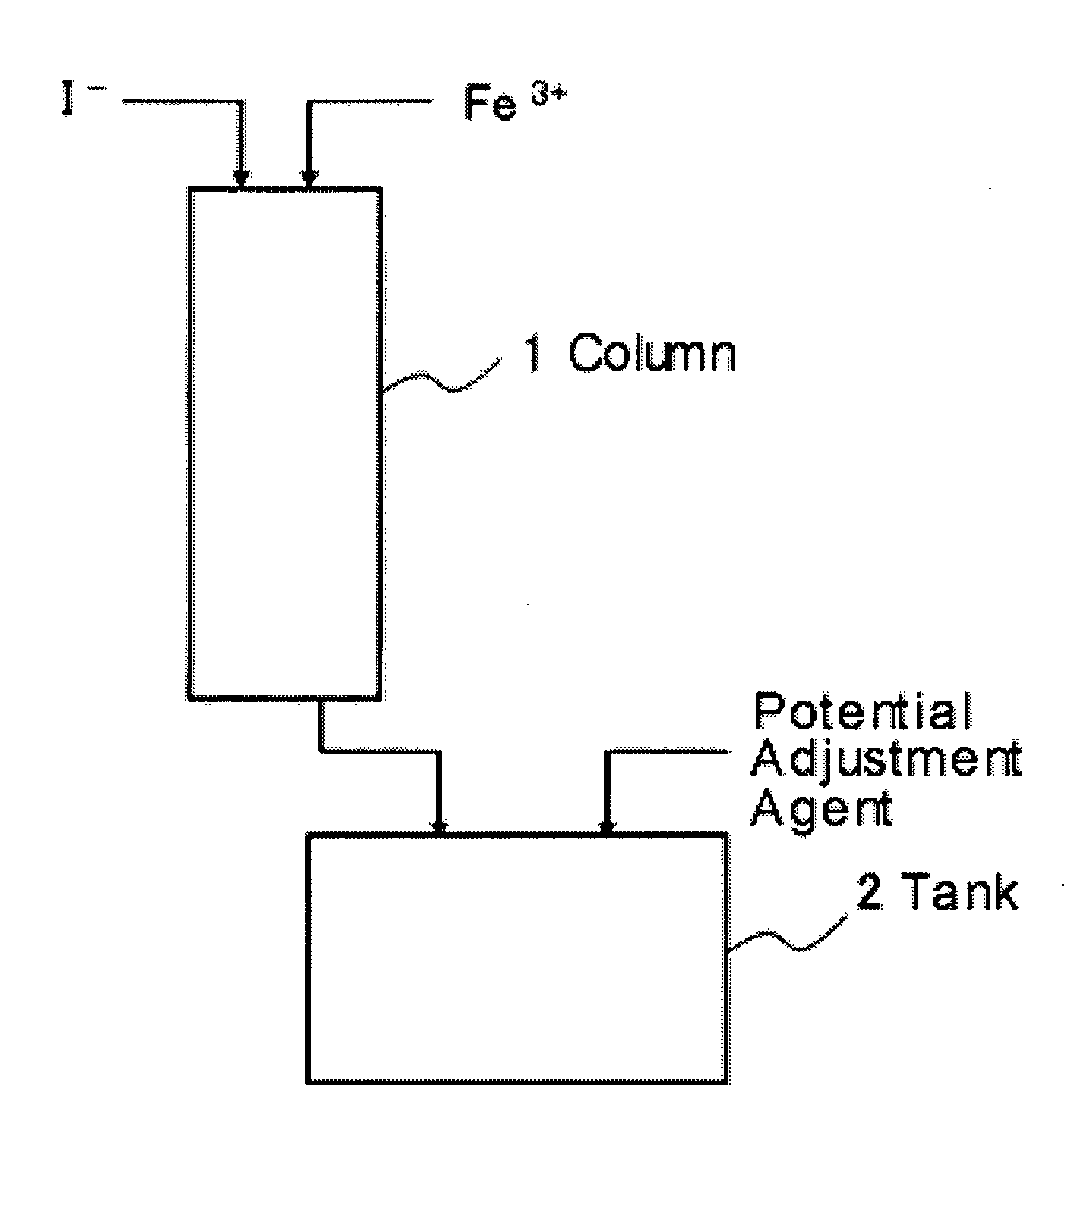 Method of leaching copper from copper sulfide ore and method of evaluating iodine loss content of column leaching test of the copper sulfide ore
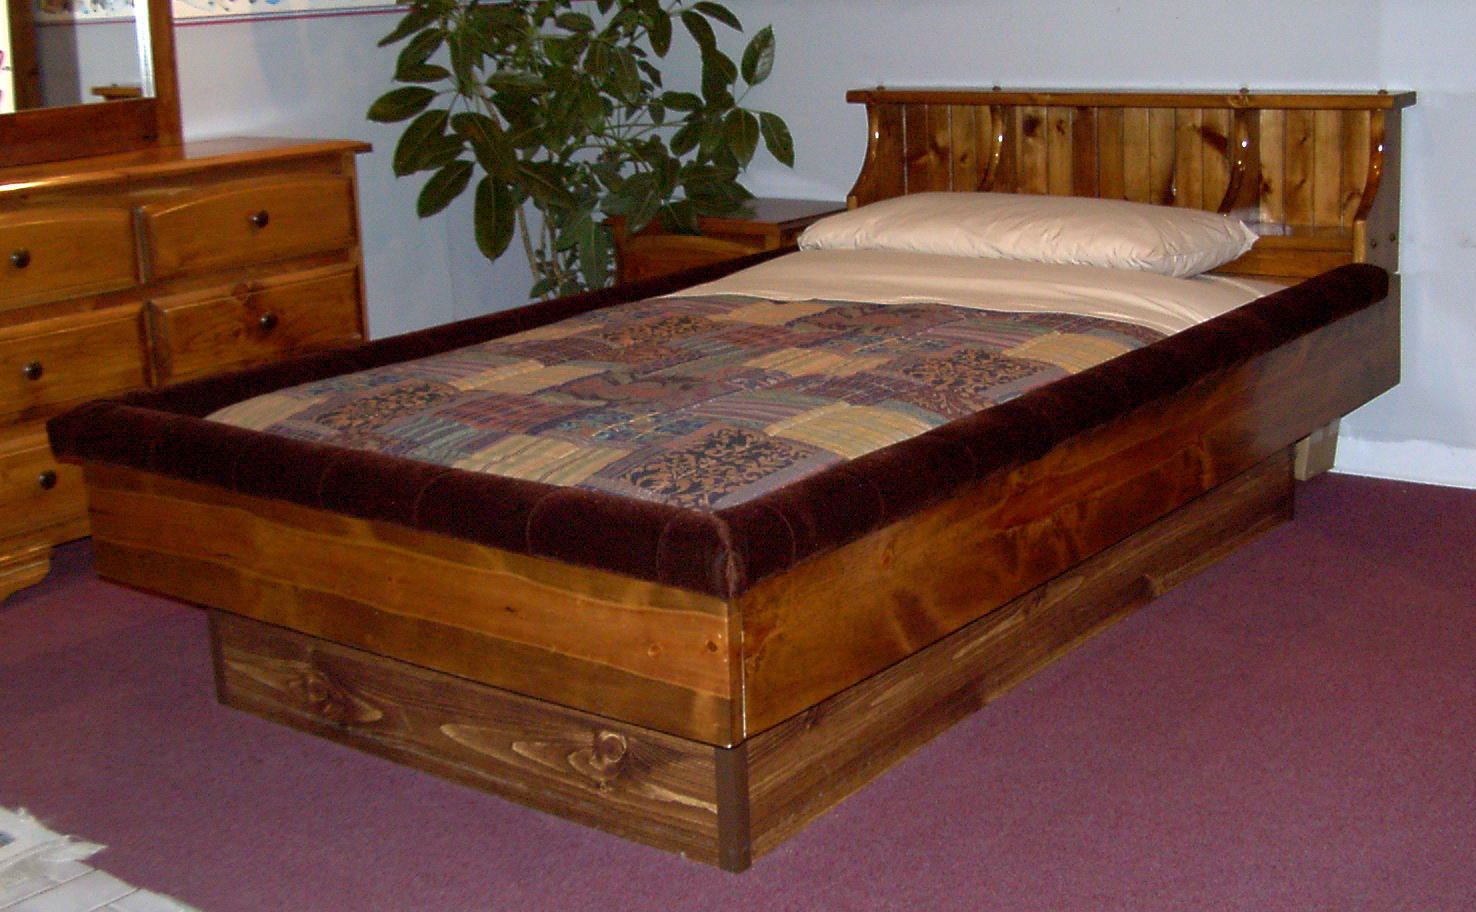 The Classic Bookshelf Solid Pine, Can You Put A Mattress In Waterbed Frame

...

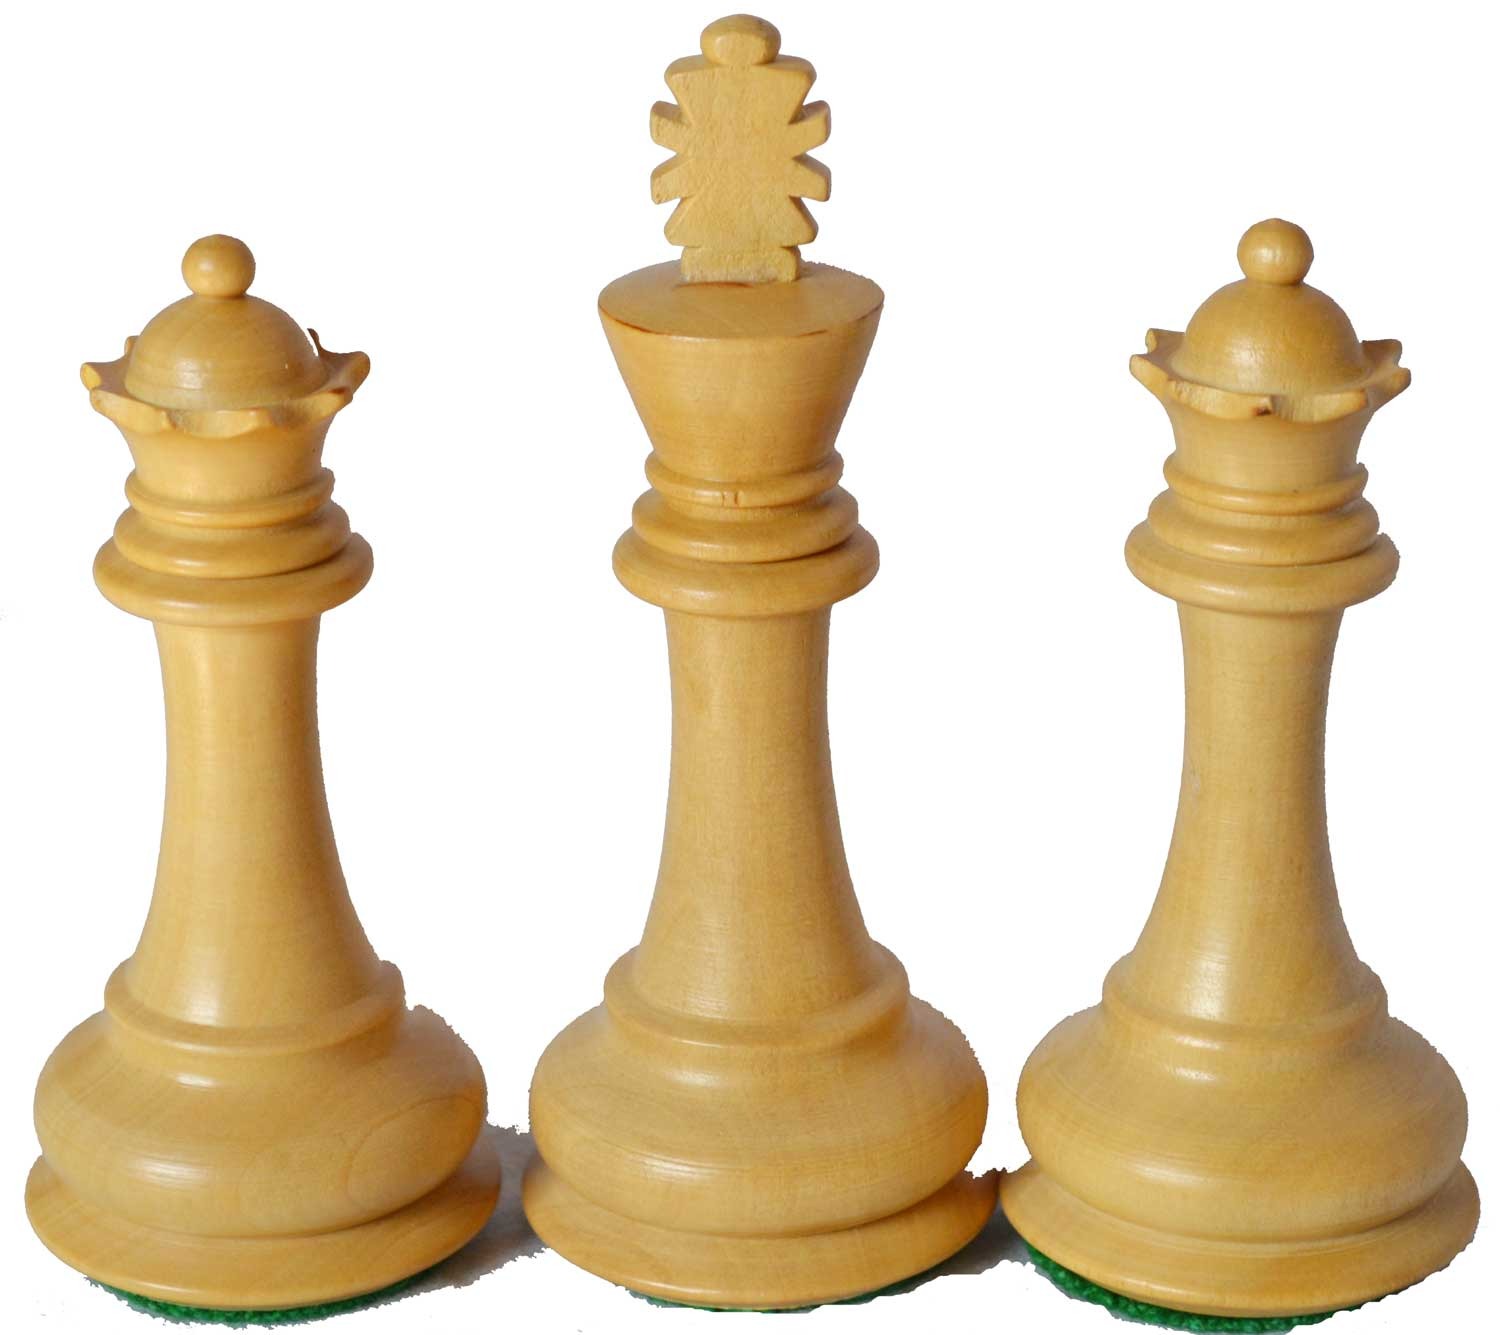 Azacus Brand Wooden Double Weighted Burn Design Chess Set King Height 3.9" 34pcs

What to do
Copy exactly, without pictures, the lines above from the one with "Method of leaching" down to the one with "The Classic Bookshelf", inclusive.

Solution
 Method of leaching copper from copper sulfide ore and method of evaluating iodine loss content of column leaching test of the copper sulfide ore
 The Classic Bookshelf Solid Pine, Can You Put A Mattress In Waterbed Frame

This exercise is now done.